Personal information
- Date of birth: April 21, 1990 (age 35)
- Place of birth: Liancourt, Haiti
- Height: 5 ft 10 in (1.78 m)
- Position: Defender

Senior career*
- Years: Team / Apps / (Gls)
- 2006–2009: Baltimore SC
- 2009–2010: SC Mirandela / 4 / (0)
- 2010: Austin Aztex FC / 3 / (0)
- 2011–2012: Orlando City SC / 34 / (2)
- 2013–2014: Sporting Kansas City / 12 / (0)
- 2014: Montreal Impact / 0 / (0)
- 2015: Charlotte Independence / 17 / (0)
- 2015–2018: Jacksonville Armada / 81 / (3)
- 2019–2021: El Paso Locomotive / 51 / (0)
- 2022–2023: Indy Eleven / 55 / (0)
- 2024: Union Omaha / 19 / (1)

International career^{‡}
- 2008–2022: Haiti / 80 / (4)

= Mechack Jérôme =

Haitian footballer (born 1990)

Mechack Jérôme (born April 21, 1990) is a Haitian professional footballer.

==Club career==
Jérôme played for Baltimore in the Ligue Haïtienne, and then for Mirandela in the Portuguese Second Division, before being spotted by Austin Aztex head coach Adrian Heath while playing for the Haiti national team in a friendly match against the Aztex on April 28, 2010.
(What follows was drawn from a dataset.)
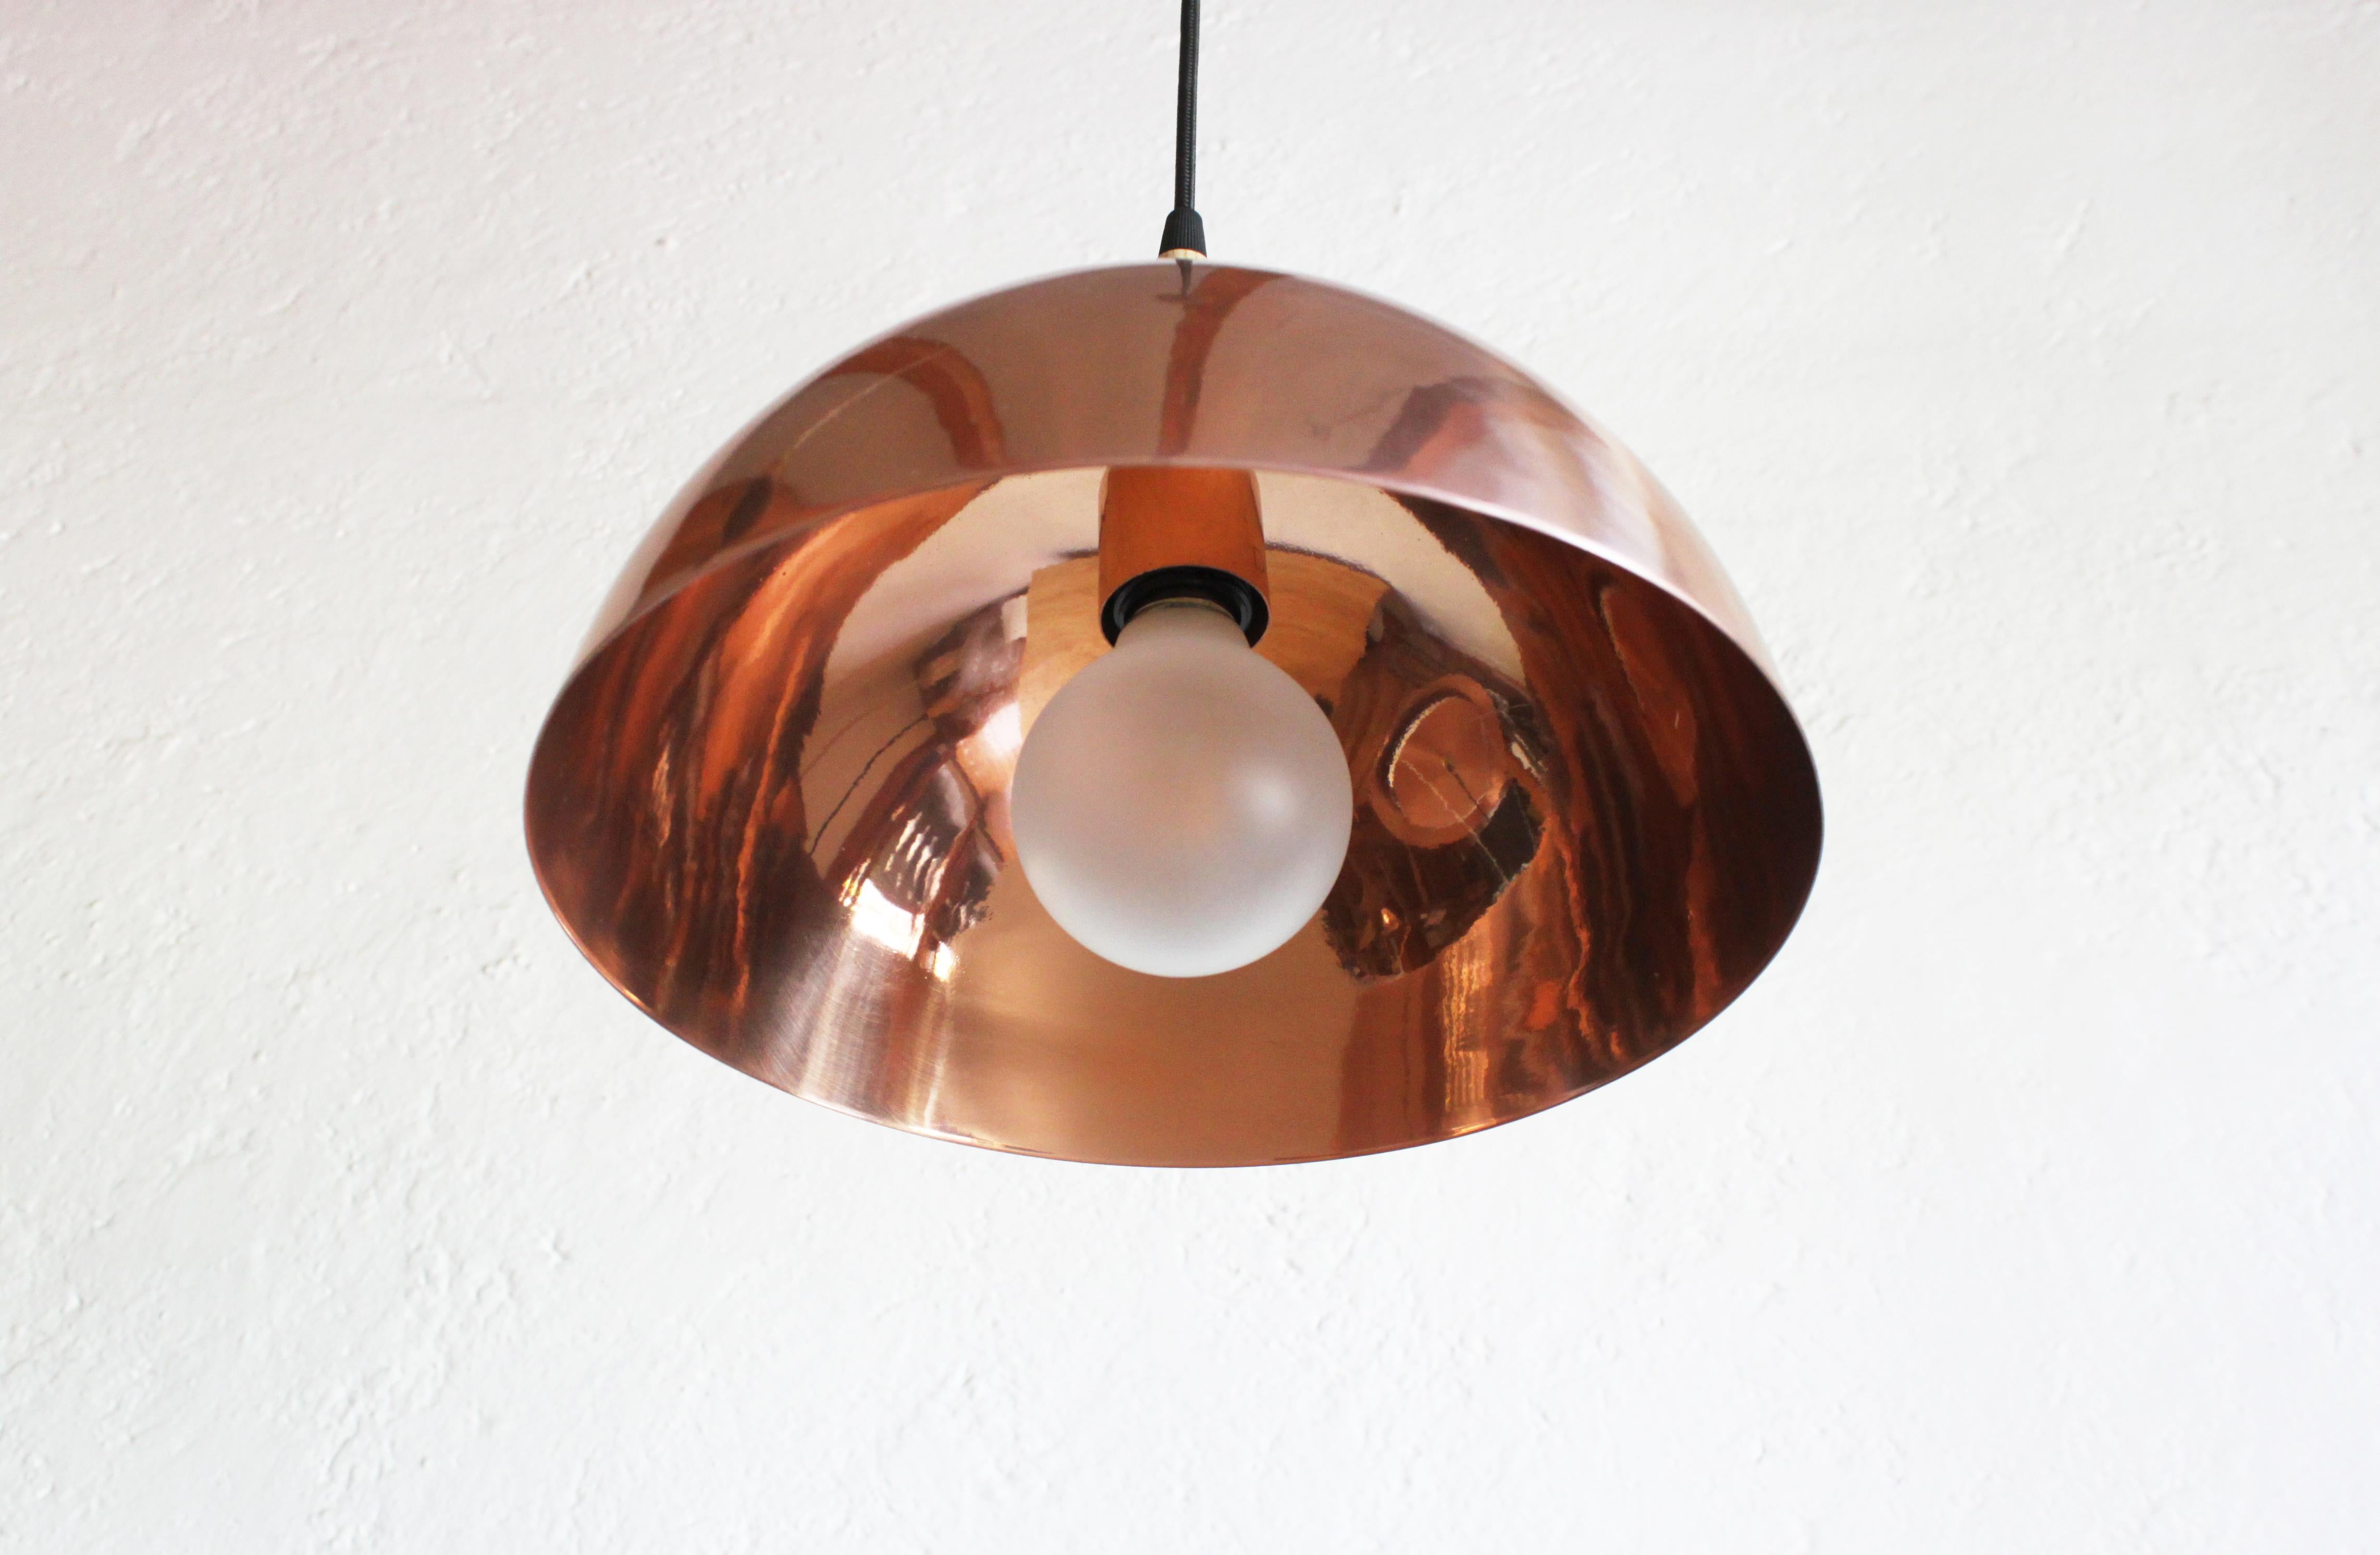 Copper Domo Abajo 30 Pendant Lamp, Maria Beckmann, Represented by Tuleste Factory For Sale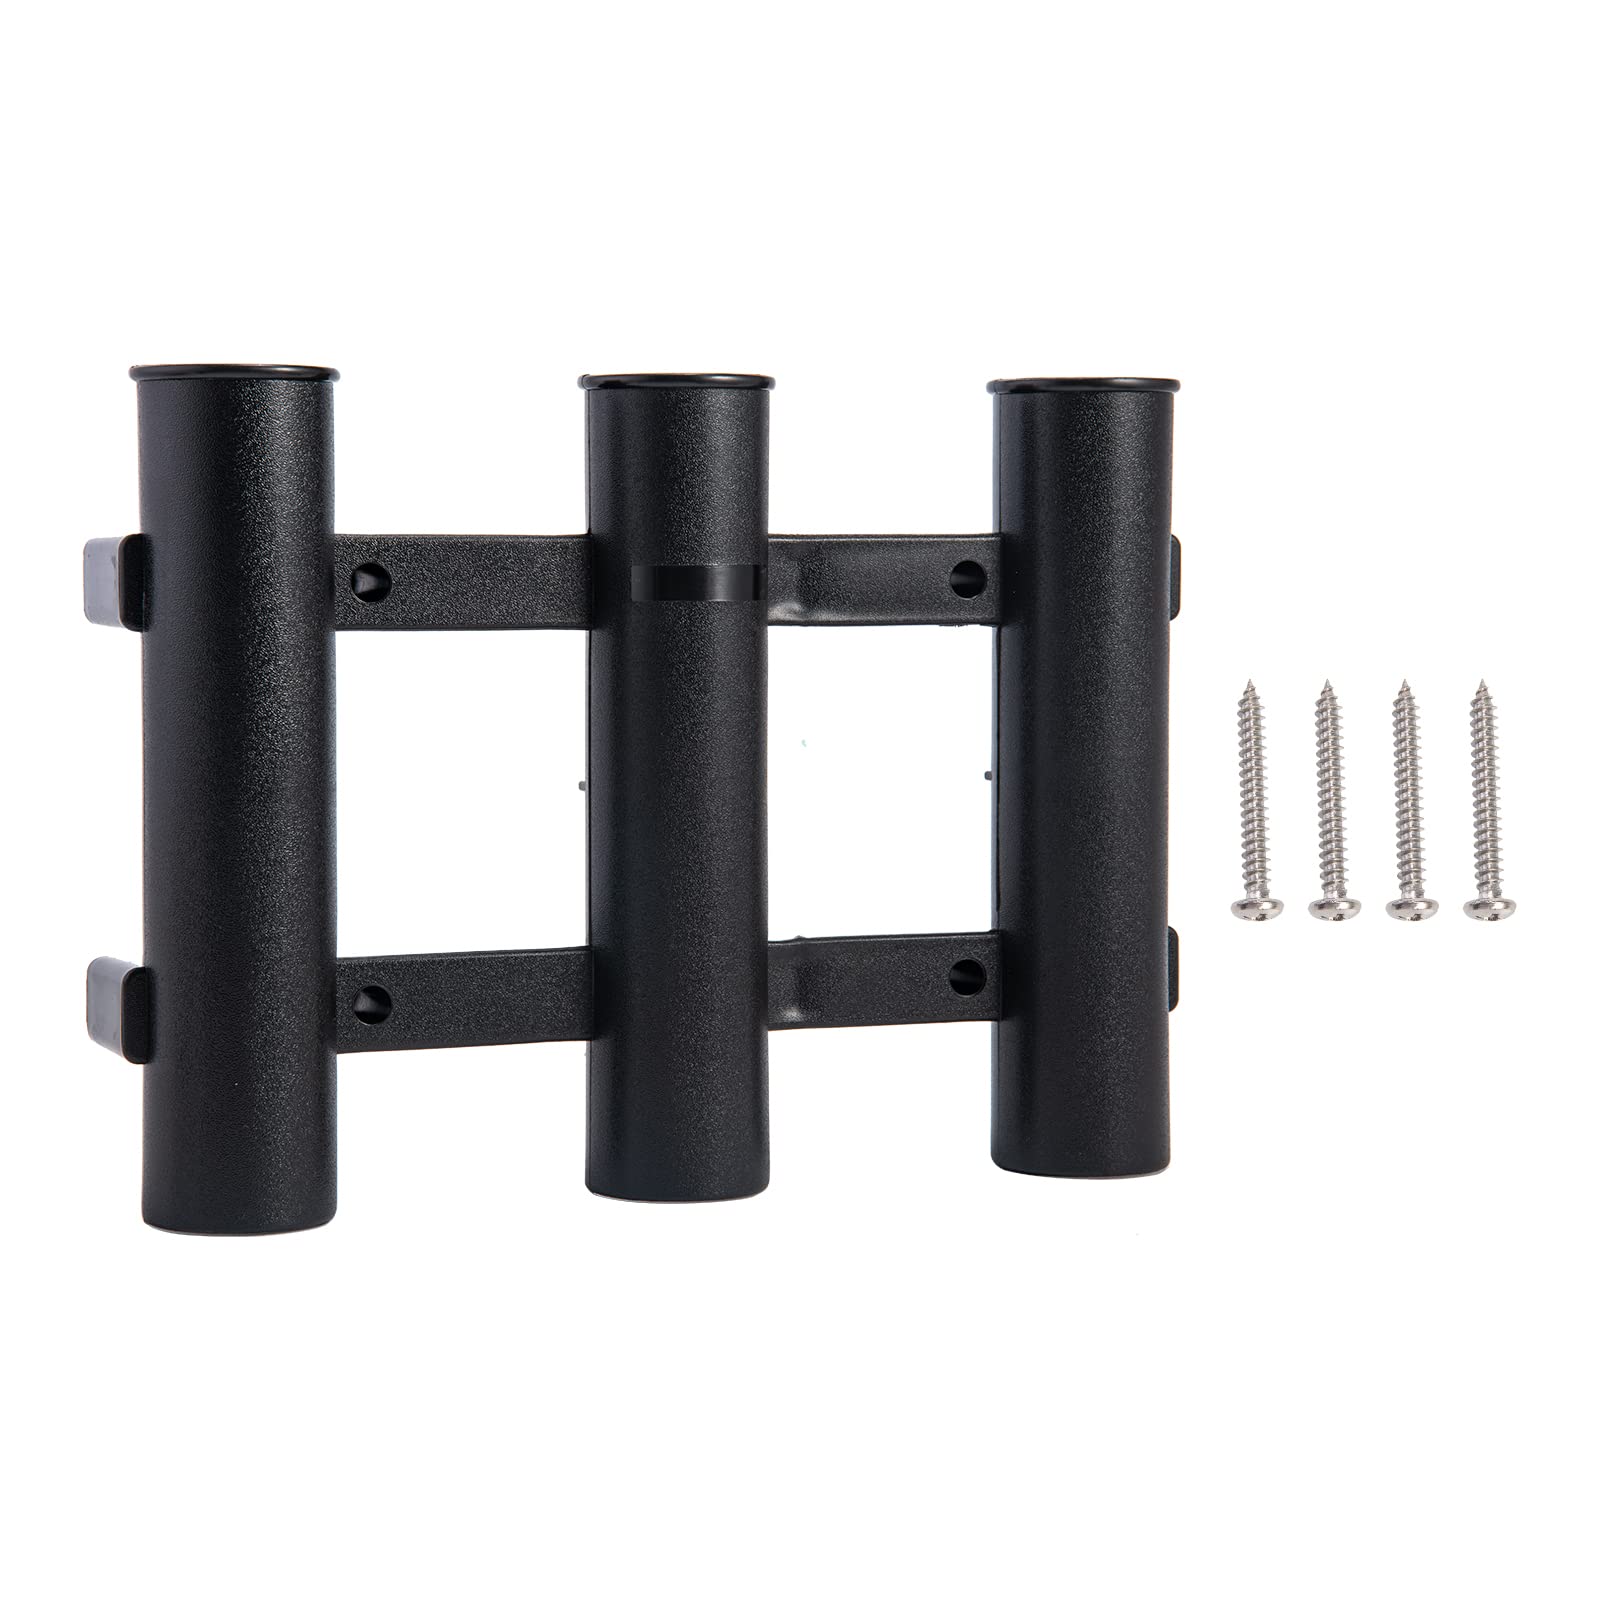 * Boat Fishing Rod Holder - Durable 3 Rod Tube Plastic Holder for  Convenient Fishing Tackle Storage

Jérôme signed for the Aztex in June 2010 and made his debut for the team on September 11, 2010, in a 3–1 loss to the Puerto Rico Islanders. Prior to the 2011 season, new owners purchased the club, moved it to Orlando, Florida, renamed it Orlando City and joined the USL Pro league for 2011.

He signed a multi-year contract with Orlando City on September 1, 2011.

Jérôme was signed by Sporting Kansas City of Major League Soccer on February 28, 2013. The club released him on March 31, 2014.

On June 6, 2014, he signed with Montreal Impact. He was released three weeks later.

Jérôme signed with Charlotte Independence of United Soccer League on May 1, 2015. He then signed with Jacksonville Armada FC of the North American Soccer League in September 2015. Two months later he re-signed with Jacksonville for the 2016 season.

Jérôme signed with USL Championship expansion club El Paso Locomotive on January 21, 2019. El Paso re-signed Jérôme for the 2020 season on November 21.

In December 2021, it was announced Jérôme would make the move to Indy Eleven ahead of the 2022 season.

On November 30, 2023, Indy Eleven announced Jérôme's departure from the club upon the expiration of his contract.

On January 30, 2024, Jérôme signed with Union Omaha of USL League One for the 2024 season. He made his debut on March 16 in a 2–1 win over Central Valley Fuego FC, replacing defender Will Perkins in the 73rd minute.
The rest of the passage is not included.